I wrote a code based on the TF-IDF algorithm to extract keywords from a very large text. The problem is that I keep getting the division by zero error. When I debug my code, everything is working perfectly. As soon as I make the text shorter to contains the word that causes the problem, it works. So, I assume that it's a memory problem.
I thought maybe I could read the big text file in chunks (1KB) instead of reading the whole document in the first place. Unfortunately, it does not work. what should I do? (I am using pycharm on windows)
I am a beginner in programming, python, and NLP domain.
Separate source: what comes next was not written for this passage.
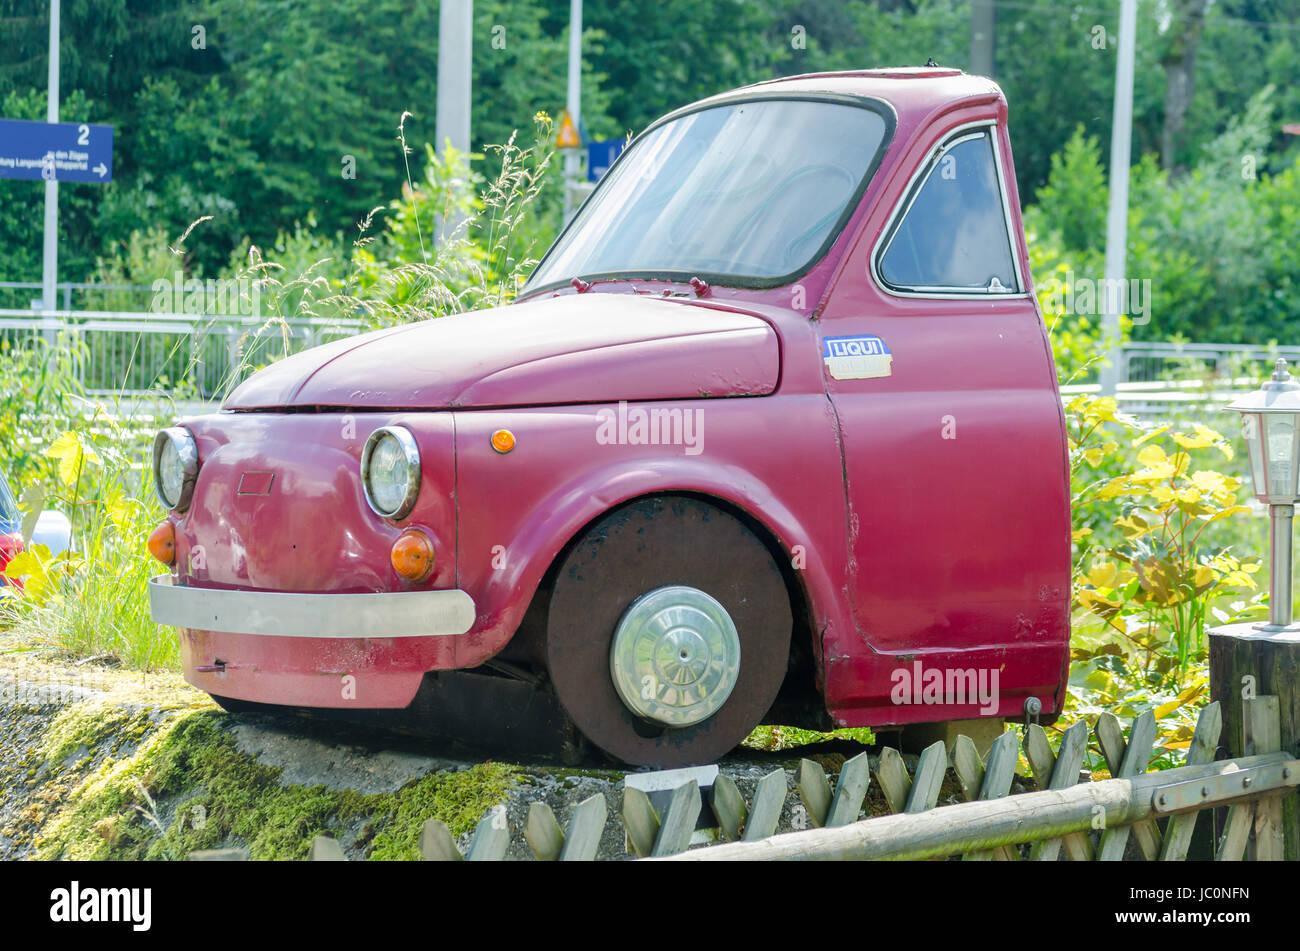 Essen,Germany - 13. Juni 2014:Halber roter Fiat 500 als Freisteller vor weißen Hintergrund.Halbes Auto hinter den Stock Photo

Therefore, I really appreciate it if you could help me here.
if __name__ == "__main__":
with open('spli.txt') as f:
for piece in read_in_chunks(f):
#print(piece)
piece = piece.lower()
no_punc_words, all_words = text_split(piece)
no_punc_words, all_words = rm_stop_word(no_punc_words, all_words)
no_punc_words_freq, all_words_freq = calc_freq(no_punc_words, all_words)
tf_score = calc_tf_score(no_punc_words_freq)
idf_score = calc_idf_score(no_punc_words_freq, all_words_freq, piece)
tf_idf_score = {}
for k in tf_score:
tf_idf_score[k] = tf_score[k] * idf_score[k]
#print(final_score)
final_tf_idf = {}
for scores in tf_idf_score:
final_tf_idf += tf_idf_score
print(final_tf_idf)